Thandiwe: It’s lit. Beyoncé is a mega star. So many people look up to her and listen to her. Talking about the power and reach that we have, Beyoncé is quadruple that. It’s very powerful for her to be on that wavelength and be in tune with her culture and let her people know that it’s all right, you don’t have to give into all of these unrealistic standards that have been placed onto us.

Niambi: It’s powerful and very necessary. We can do it in the underground all day long, but the moment that someone who has put in decades of work to climb to the top, she just paved a whole way and knocked down so many doors for us to be like what’s up, we’re Oshun. We’re automatically just going to be welcomed because she’s showed us that we’re her family.

Thandiwe: With Oshun, our whole movement is not just an image, it’s not just to be cool or to be pretty. It all has very social, political, and spiritual intentions, so for Beyoncé to be doing this, she’s helping us with our job, we’re helping her with her job. We are overjoyed to see it. People come to us like Beyoncé copied you, Beyoncé stole your idea, and we’re like, STEAL THAT SHIT! Keep the movement going. We’re not doing this for our own juice, for our own followers, for the fame, we’re doing it for the movement and Beyoncé is contributing to that.

A lot of black people in America didn’t grow up learning about traditional African spirituality and religion. How did you come to know it?

Thandiwe: In terms of our personal journeys, we were both really fortunate to be raised in spaces where those conversations were being had before. Niambi was raised in a Pan-African community where those practices were being practiced actively. My father is a theologian, he studies African spirituality, that’s always been the focus of his career. So, I was exposed to these things growing up. We weren’t practicing but I was cognizant. And then once the universe brought me to Niambi, she was like, oh, word. Well, this is how you do this, this is what this is, and this is what that really means. And I was like, ohh, okay that’s why that feels familiar.

Niambi: We were fortunate to be in those spaces, but we were also not in those spaces by chance. We had to allow ourselves to be open and humble ourselves and really acknowledge the fact that we don’t know everything. We do need the wisdom and the guidance of our elders and our ancestors. Once we were able to accept that, then the universe blessed us abundantly. That’s how it works. There’s no cookie-cutter explanation on how things manifest, you just allow them to.

Why is it important to spread this message rooted in traditional African spirituality?

Niambi: We have to understand that this war that we are in is not just a physical war, but it’s a mental war and it’s a spiritual war. In order for our bodies to be enslaved, our minds must be enslaved and our spirits must be enslaved. There are a lot of people who might be free in one of those three elements, or two of the three, but it’s really important for us to claim independence and freedom in all three. That’s where African spirituality and indulging in the practices of our ancestors comes in.

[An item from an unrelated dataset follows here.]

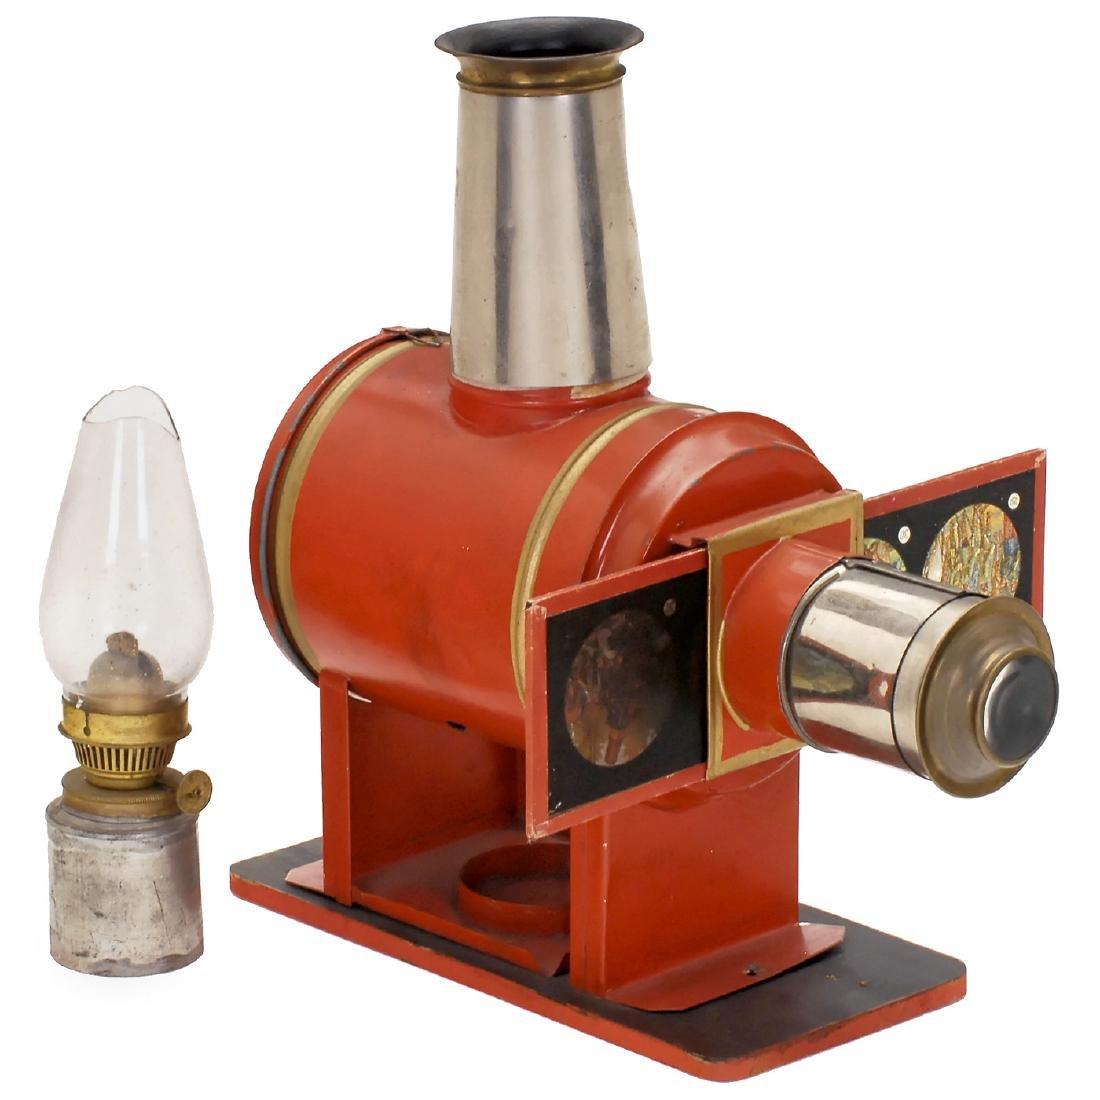 Red Magic Lantern bv E. Plank, c. 1895
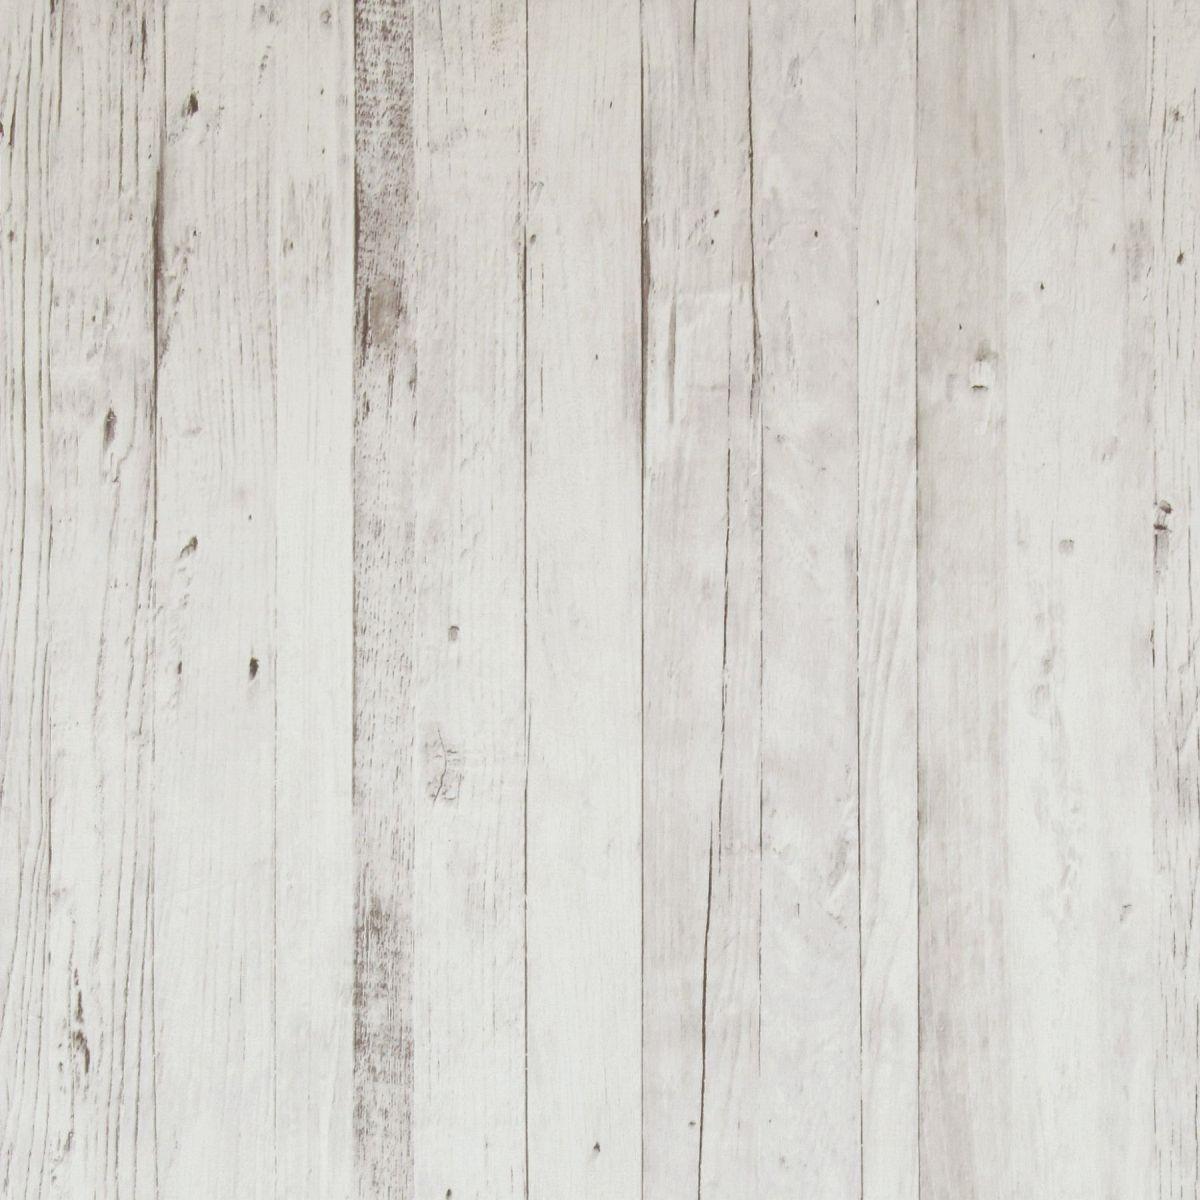 hochwertige tapeten und stoffe b n wallcoverings vliestapete riviera maison 18292 decowunder. Black Bedroom Furniture Sets. Home Design Ideas

We never praised the white man. We never praised white Jesus. These things that we are so attached to now, and that we are so defensive of, but we forget that we are like that because we were raped until we believed it, we were killed until we believed it, we were beat until we believed it. And that’s scary, so a lot of our people don’t want to hear that. In addition to us having this foreign kind of destructive ideology built into us, they’ve also demonized what is ours and made us afraid of our own power. So, it’s extremely important for us to have Orisha and Oshun and Naiteru and all the spiritual forces that walk with us traditionally and ancestrally in the forefront because they’ve always been there and they will always be there.